Unaccustomed Exercise and Intensity :
When you perform unaccustomed exercises/activities or perform at intensities that you haven’t effectively trained at previously, the likelihood of you suffering from muscle cramp is significantly higher. This occurs due to the irritation of the muscle/nerve and the lower excitability threshold of the muscles/nerves which occurs with untrained muscles. To prevent this, you should also slowly introduce new exercises/activities to your training program and then slowly increase your intensity ensuring you never race at an intensity you haven’t previously trained at.
Your genetics can play a significant role in your likelihood of suffering from muscles cramps. Your genetics have a major controlling element in the physiological development of structures associated with muscle cramping. From intracellular/extracellular fluid level capacity, electrolyte storage volume, excitability thresholds, by-product removal capacity and carbohydrate storage levels. Unfortunately you cannot change your genetics, but with training, conditioning and knowing your numbers you can minimize the effects of your genetics.
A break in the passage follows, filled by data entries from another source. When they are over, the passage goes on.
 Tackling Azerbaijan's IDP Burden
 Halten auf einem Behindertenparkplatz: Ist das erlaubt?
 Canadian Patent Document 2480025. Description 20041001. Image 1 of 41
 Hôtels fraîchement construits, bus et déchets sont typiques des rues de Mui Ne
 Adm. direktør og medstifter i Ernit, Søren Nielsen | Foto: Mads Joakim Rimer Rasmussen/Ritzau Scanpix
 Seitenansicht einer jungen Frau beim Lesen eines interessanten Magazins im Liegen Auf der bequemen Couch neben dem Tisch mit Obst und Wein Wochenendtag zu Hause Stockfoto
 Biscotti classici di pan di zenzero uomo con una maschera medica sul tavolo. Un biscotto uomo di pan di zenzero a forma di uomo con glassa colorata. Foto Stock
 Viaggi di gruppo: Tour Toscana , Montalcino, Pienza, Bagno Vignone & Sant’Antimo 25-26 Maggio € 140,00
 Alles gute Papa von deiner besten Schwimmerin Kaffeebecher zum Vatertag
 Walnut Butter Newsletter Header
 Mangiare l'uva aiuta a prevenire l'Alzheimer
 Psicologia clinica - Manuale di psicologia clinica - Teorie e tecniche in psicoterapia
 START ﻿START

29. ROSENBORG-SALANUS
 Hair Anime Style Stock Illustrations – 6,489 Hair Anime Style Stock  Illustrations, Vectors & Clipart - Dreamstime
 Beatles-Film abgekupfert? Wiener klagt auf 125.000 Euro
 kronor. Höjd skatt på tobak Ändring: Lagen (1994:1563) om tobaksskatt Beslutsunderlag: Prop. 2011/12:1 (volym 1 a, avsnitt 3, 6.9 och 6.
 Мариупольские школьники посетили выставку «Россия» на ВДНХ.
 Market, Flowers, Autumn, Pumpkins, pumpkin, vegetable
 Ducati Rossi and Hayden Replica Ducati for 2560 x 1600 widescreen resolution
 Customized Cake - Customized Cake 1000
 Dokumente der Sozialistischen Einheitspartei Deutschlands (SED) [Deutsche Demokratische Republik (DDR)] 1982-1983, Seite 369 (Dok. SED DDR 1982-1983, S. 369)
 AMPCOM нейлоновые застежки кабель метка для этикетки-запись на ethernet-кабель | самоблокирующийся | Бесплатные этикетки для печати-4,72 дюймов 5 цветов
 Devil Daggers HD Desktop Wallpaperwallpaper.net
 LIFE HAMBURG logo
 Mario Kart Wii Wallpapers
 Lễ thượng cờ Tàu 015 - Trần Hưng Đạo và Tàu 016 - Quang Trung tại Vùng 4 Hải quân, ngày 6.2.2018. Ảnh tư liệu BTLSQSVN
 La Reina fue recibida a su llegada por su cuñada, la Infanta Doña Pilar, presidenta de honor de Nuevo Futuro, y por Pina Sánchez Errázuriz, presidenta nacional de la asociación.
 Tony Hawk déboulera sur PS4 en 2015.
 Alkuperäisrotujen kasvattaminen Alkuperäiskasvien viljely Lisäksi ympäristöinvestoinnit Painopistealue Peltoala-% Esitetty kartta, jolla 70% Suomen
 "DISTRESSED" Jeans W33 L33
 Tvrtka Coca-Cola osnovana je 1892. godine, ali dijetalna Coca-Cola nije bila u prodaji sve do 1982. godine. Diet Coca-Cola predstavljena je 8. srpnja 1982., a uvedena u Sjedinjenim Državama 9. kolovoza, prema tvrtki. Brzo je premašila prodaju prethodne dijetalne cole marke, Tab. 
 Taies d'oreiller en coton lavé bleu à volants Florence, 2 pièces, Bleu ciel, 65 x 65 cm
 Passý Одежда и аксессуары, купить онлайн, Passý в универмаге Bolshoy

Medical Conditions and Medication :
Certain medical conditions can contribute to muscle cramps. Conditions such as nerve compression (sciatica, thoracic outlet syndrome) and reduce muscle blood flow (atherosclerosis) can result in a higher risk or likelihood of you suffering from muscle cramps. Certain medications (Diuretics, Blood pressure, Asthma, Osteoporosis and Cholesterol medications) can also cause cramps through a number of physiological pathways. On top of this, muscle injuries (tears) will also increase the likelihood of you suffering from muscle cramps. If you suffering from any of these conditions or take medications for any of these conditions, then you should speak to your local GP to discuss specific individual strategies to manage and prevent these conditions from causing you to suffer muscle cramps.